Collector of Internal Revenue for the First District of Illinois
- In office 1875 - April 12, 1876
- Appointed by: Ulysses S. Grant
- Preceded by: Philip Wadsworth
- Succeeded by: F.H. Battershall

Personal details
- Born: August 25, 1811 Hampton, New Hampshire, U.S.
- Died: April 12, 1876 (aged 64) Chicago, Illinois, U.S.
- Resting place: Rosehill Cemetery, Chicago, Illinois, U.S.

Military service
- Allegiance: United States of America Union
- Branch/service: United States Army Union Army
- Years of service: 1838-54, 1861-65
- Rank: Brigadier General Brevet Major General
- Battles/wars: Mexican War American Civil War Battle of Belmont; Battle of Fort Henry; Battle of Fort Donelson; Battle of Shiloh; Battle of Corinth; Siege of Vicksburg; Atlanta campaign; March to the Sea; Carolinas campaign;

= Joseph Dana Webster =

Union Army general

Joseph Dana Webster (August 25, 1811 – April 12, 1876) was an American civil engineer and soldier most noted for administrative services during the American Civil War, where he served as chief of staff to both Ulysses S. Grant and William T. Sherman.

==Career==
Webster was born in New Hampshire in 1811. He graduated from Dartmouth College in 1832 and worked as a civil engineer. He joined the U.S. army in 1838, serving as 2nd lieutenant in the U.S. Topographical Engineers. He fought in the Mexican–American War and by 1853 was captain of the U.S. Engineers. He resigned from the Army in 1854.

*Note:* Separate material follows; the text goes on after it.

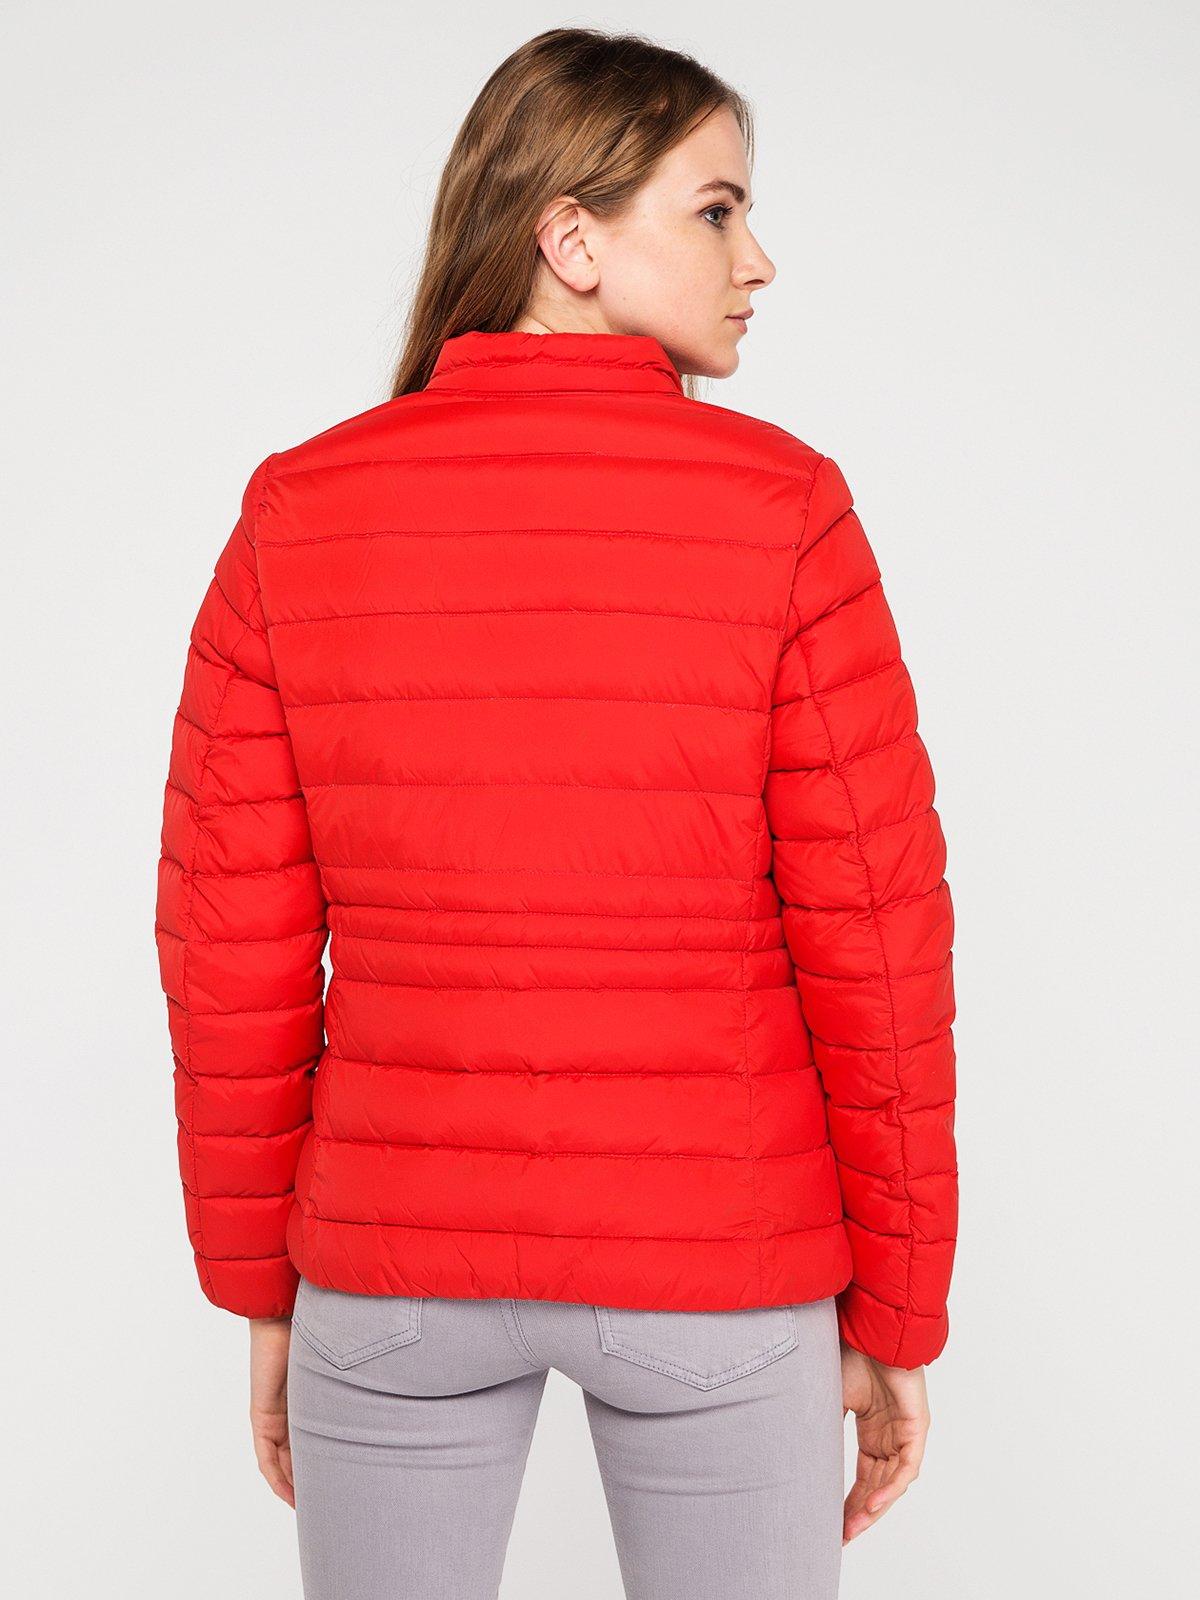 Куртка красная | 3606550 | фото 4

A few years later the outbreak of the Civil War brought Webster back into the service of the army. On June 1, 1861 he was appointed major in the U.S. Army Paymasters. In September he became chief of staff to Ulysses S. Grant. On February 1, 1862 Webster was appointed colonel of the 1st Illinois Light Artillery Regiment, but remained as Grant's chief of staff through the battles of Belmont, Fort Henry, Fort Donelson, and Shiloh.

On the eve of the first day's fighting at Shiloh, Webster was instrumental in massing the artillery in support of Grant's last line of defense near Pittsburg Landing. On April 4, 1863, President Abraham Lincoln appointed Webster to the grade of brigadier general of U.S. volunteers, to rank from November 29, 1862. In early November 1862, Webster was assigned as the superintendent of railroads in the Department of the Tennessee. He next served as the Chief of Transportation for the Army of the Tennessee, during the siege of Vicksburg, and later for the entire Military Division of Mississippi.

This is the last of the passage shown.